Why improv is so damn fun!
I knew improv was fun before I began playing Dungeon World, but this game has been a key factor in enabling me to actually play improv-based games, because the system feel so natural to me. It is without a doubt the easiest game I’ve ever tried to GM. Sure, it has a learning curve, but once you get the paradigm shift wrapped around your brain, this game almost plays itself.
But that’s not what this lesson learned is about; it’s about why I think improvising everything is fun, and why I think you should try it out. This lesson learned is mainly inspired by my session with Misha and James, as well as my three session with Eric and Bastien.
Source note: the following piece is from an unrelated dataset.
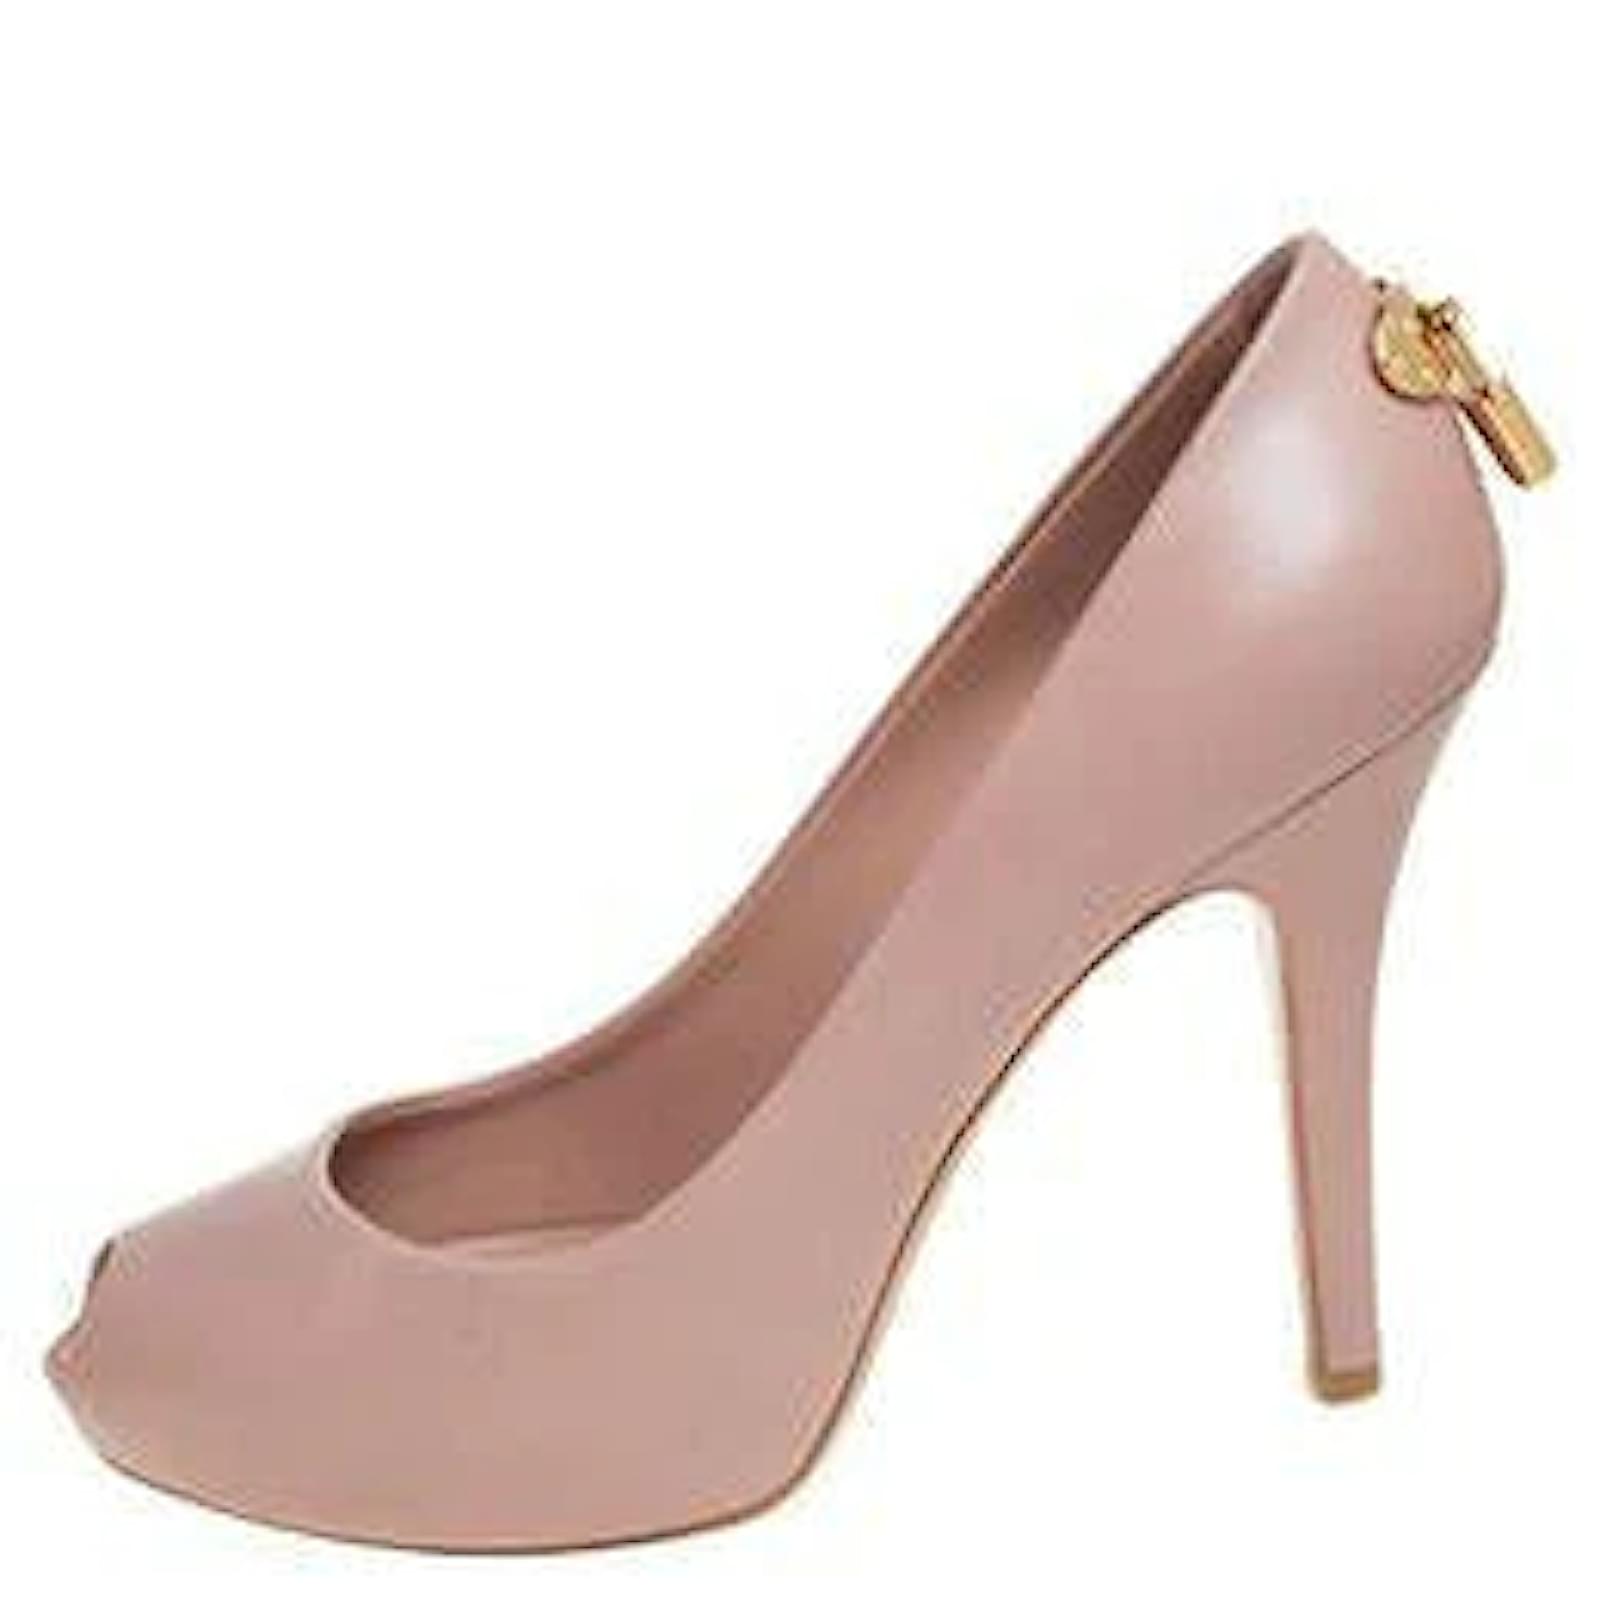 Louis Vuitton Beige Glitter Patent Leather Oh Really! Peep Toe

The adventures we’ve played have been major milestones in my effort to perfect my GM’ing skills.
GM’ing is a load of work in some games, it’s tedious sometimes, and most GM’s I know would really just rather be a player for the same reasons. Ever since I moved to Aarhus, I’ve sat on the GM’s side of the table, with few exceptions.
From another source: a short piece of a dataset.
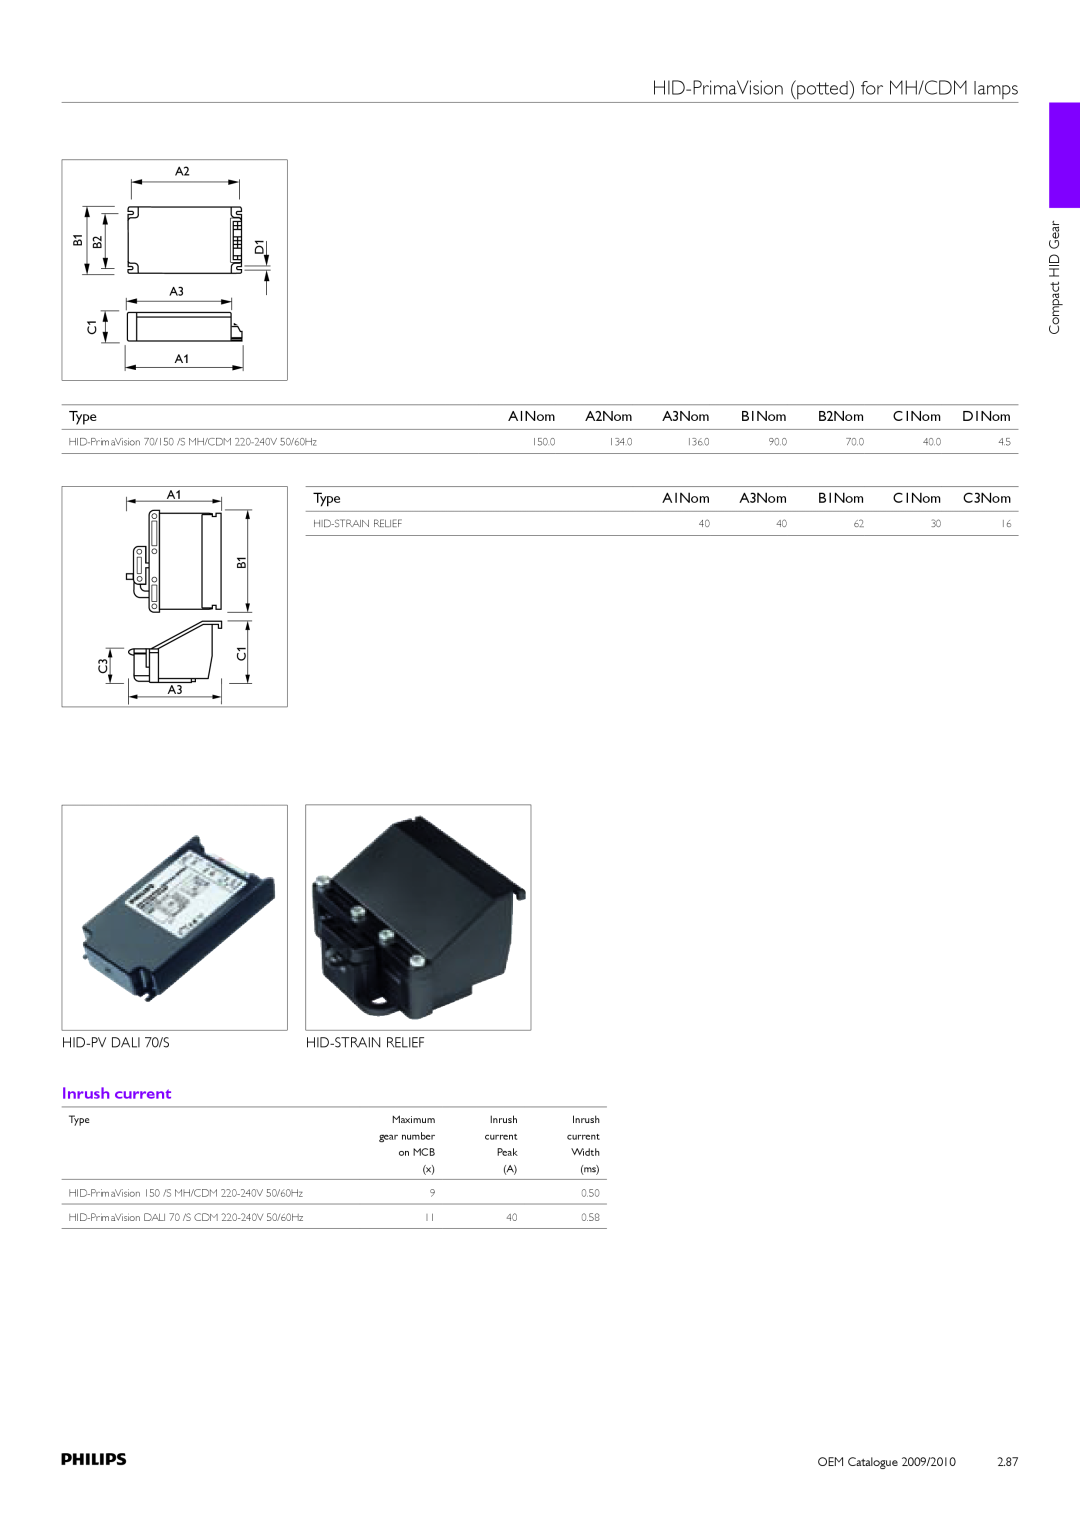 Philips Compact HID Lamp and Gear manual HID-PrimaVisionpotted for MH/CDM lamps, Inrush current

Previously, I thought that the core premise for roleplaying games was player agency. Player agency is on every one’s lips at the moment it seems, and I’ll borrow a handy definition from Papers and Pencils:
A player with agency is one who is able to make meaningful decisions about their actions, with regards to the game world.
I no longer believe player agency to be the core premise of a satisfying roleplaying session. It’s still important, tremendously so I’d even suggest, but it’s only a core premise. The other is play to find out what happens. I think the first is what makes it fun to be a player, while the latter is what makes it fun to GM.
The thing is though, that these two premises are inseparable. You cannot play to find out what happens if the players doesn’t have any meaningful choices. You cannot have player agency if the GM has planned everything from the beginning of the game, and will apply force to make sure it happens the way he planned.
So, why is improv so damn fun? Because it forces the GM to play to find out what happens, and in turn enforces player agency. You have to build upon the foundation laid out by you players, and in turn, they will take the story in wonderful directions, ones you’d never have taken on your own!
I’m at a point where I’ve become confident that all games I’ll ever GM will be better off if I plan just about nothing. I simply love to ask questions about the PC’s and the world, until I know what both the players and myself want to play! I have GM’ed, almost consistently, for the past 5 to 6 years, but I’ve never had so much fun since I stopped planning ahead.
If you don’t believe me, then I’ll encourage you not to take my word for it; try it yourself! Pick up that game you always wanted to try, and call your friends. Tell them the deal; no prep, only improv. And then just try it out. You’ll be amazed how different the experience is, and how easy improvising actually is once you get the game rolling.